A 3D sensor that is mounted on the robot arm immediately allows the robot to have awareness of its workspace. This means randomly positioned parts can be presented to the robot and pick and grasp operations can be made successfully using the 3D sensor. This also means complex arrangements of parts and multiple types of parts can be used in the process without reprogramming or rearrangement of the workspace area. This can bring great cost reductions and improvements in quality as the 3D imaging can see to a much high degree of accuracy than a human operator can.
High-mix, low-volume production runs
One distinct advantage of use of 3D vision in machine tending is it makes high-mix, low volume production runs much easier to achieve and control. As the name describes this type of production is in great demand today as manufacturers want to produce parts in line with orders coming in. This approach to production has been a modern holy grail in manufacturing enabling making only what you need and are going to sell, and drastically reducing wastage and unnecessary losses.
Zivid Two, perfect partner for your machine tending operation
The Zivid Two 3D camera is the perfect choice for flexible machine tending operations. It has superb point cloud performance characteristics with dense point clouds with a point precision of < 55 μm, and an average dimensional trueness error of < 0.2%. If you are wondering what trueness error is, and maybe you have not encountered the term before, you can read about it in this blog.
Zivid Two delivers superb, dense point clouds even with shiny metal and colors:
The Zivid Two industrial 3D camera has also been designed from the ground up to operate with excellence on the robot arm. This means it is small, lightweight, yet very tough and reliable. It also comes with a wide range of accessories for mounting, cabling, and calibration.
Zivid Two tested along its entire working distance and area, while being subjected to full operating temperature sweeps, along with vibration and shock testing. This means it has been tested to deliver excellence for any possible use in deployment.
Dimensional trueness error is the amount of deviation you can on average expect to see between a point in the point cloud and where that point exists in reality. As overall accuracy is a function of both precision and trueness. With point precision of < 50 μm, and dimension trueness error of < 0.2%, Zivid Two offers point clouds with astonishing accurate details and very dense point clouds with over million points.

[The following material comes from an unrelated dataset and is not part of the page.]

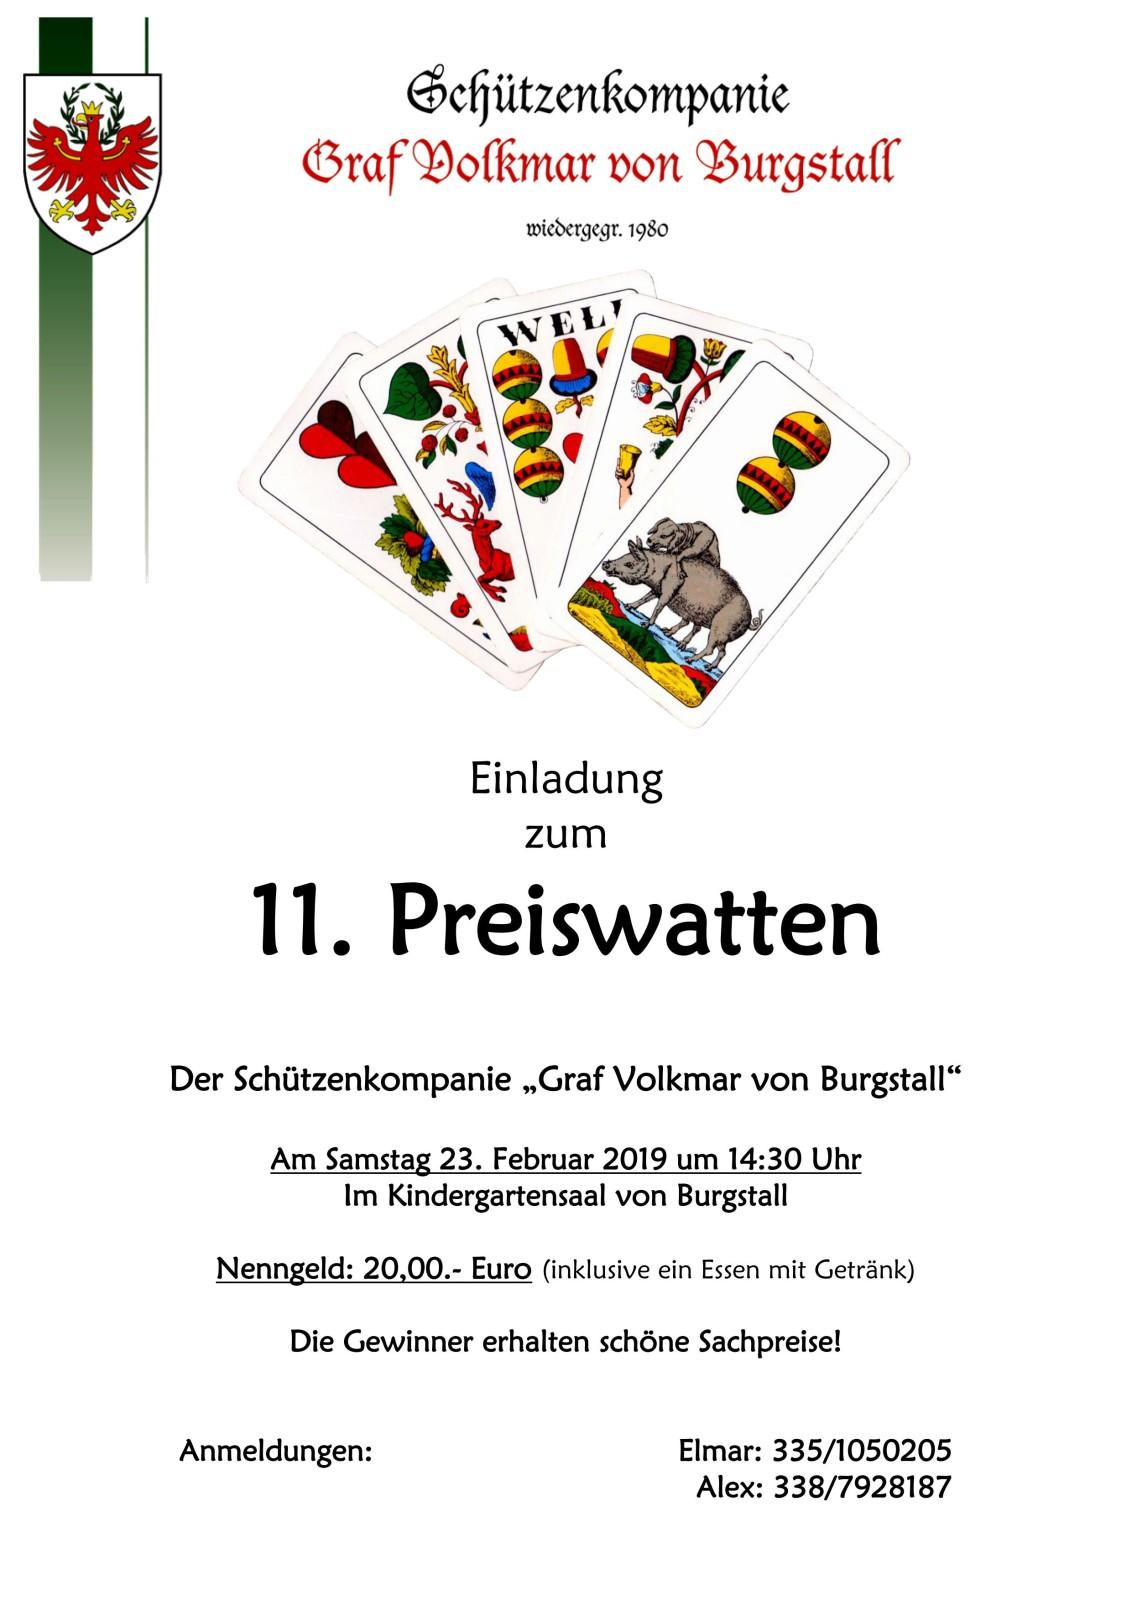 2019_Burgstall_Flyer_Preiswatten_A4_20190223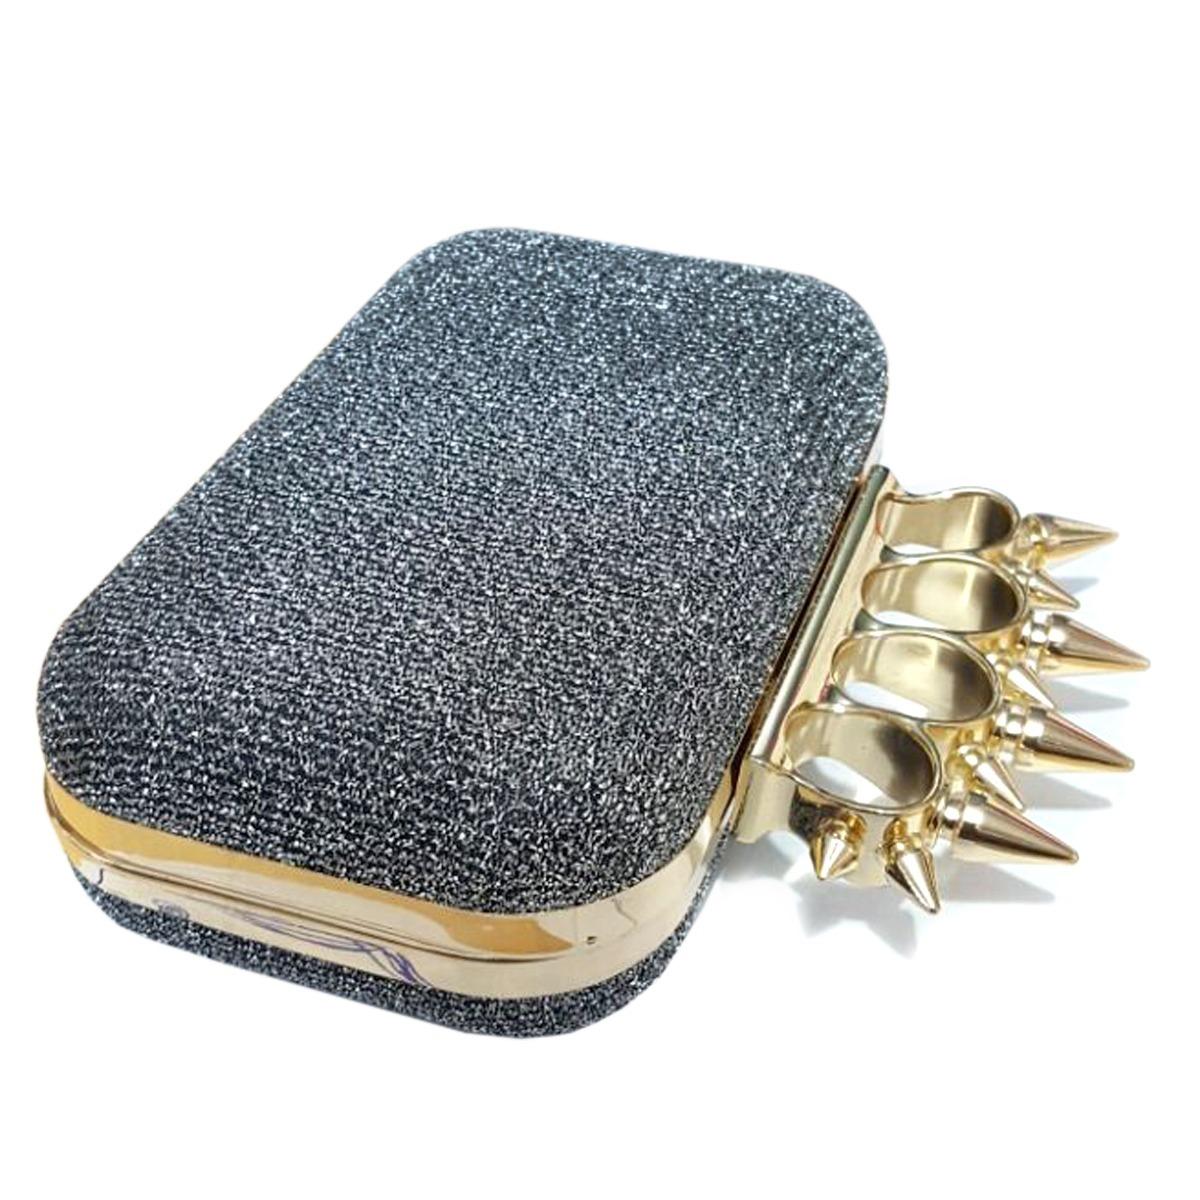 cd09a89ff6 Bolsa Clutch Carteira De Mão Spike Anel Soco Inglês Luxo - R  34

Dimensional trueness quality is a very important parameter for any precise pick and place operation, which is what machine tending actually is. 3D sensors and cameras do offer great possibilities, but these possibilities are dependent on the trueness quality of the 3D sensors or cameras being used.
Machine tending is already prevalent in manufacturing industry, and in most cases currently, it is fair to say, 3D cameras are not in use. This really stems from a legacy of ‘doing things the why they’re done’. Machine tending operations are geared up to perform a certain task, with specific parts and does not deviate without a major change in the operational setup.
The past few years have seen the advent of affordable, high-quality 3D sensors that are fast enough to offer immense flexibility and deliver attractive productivity gains that far outweigh the initial cost of the 3D camera. A camera that can perform to such high standards must also be of a true industrial grade so that it can tolerate industrial situations. The Zivid Two is that 3D camera.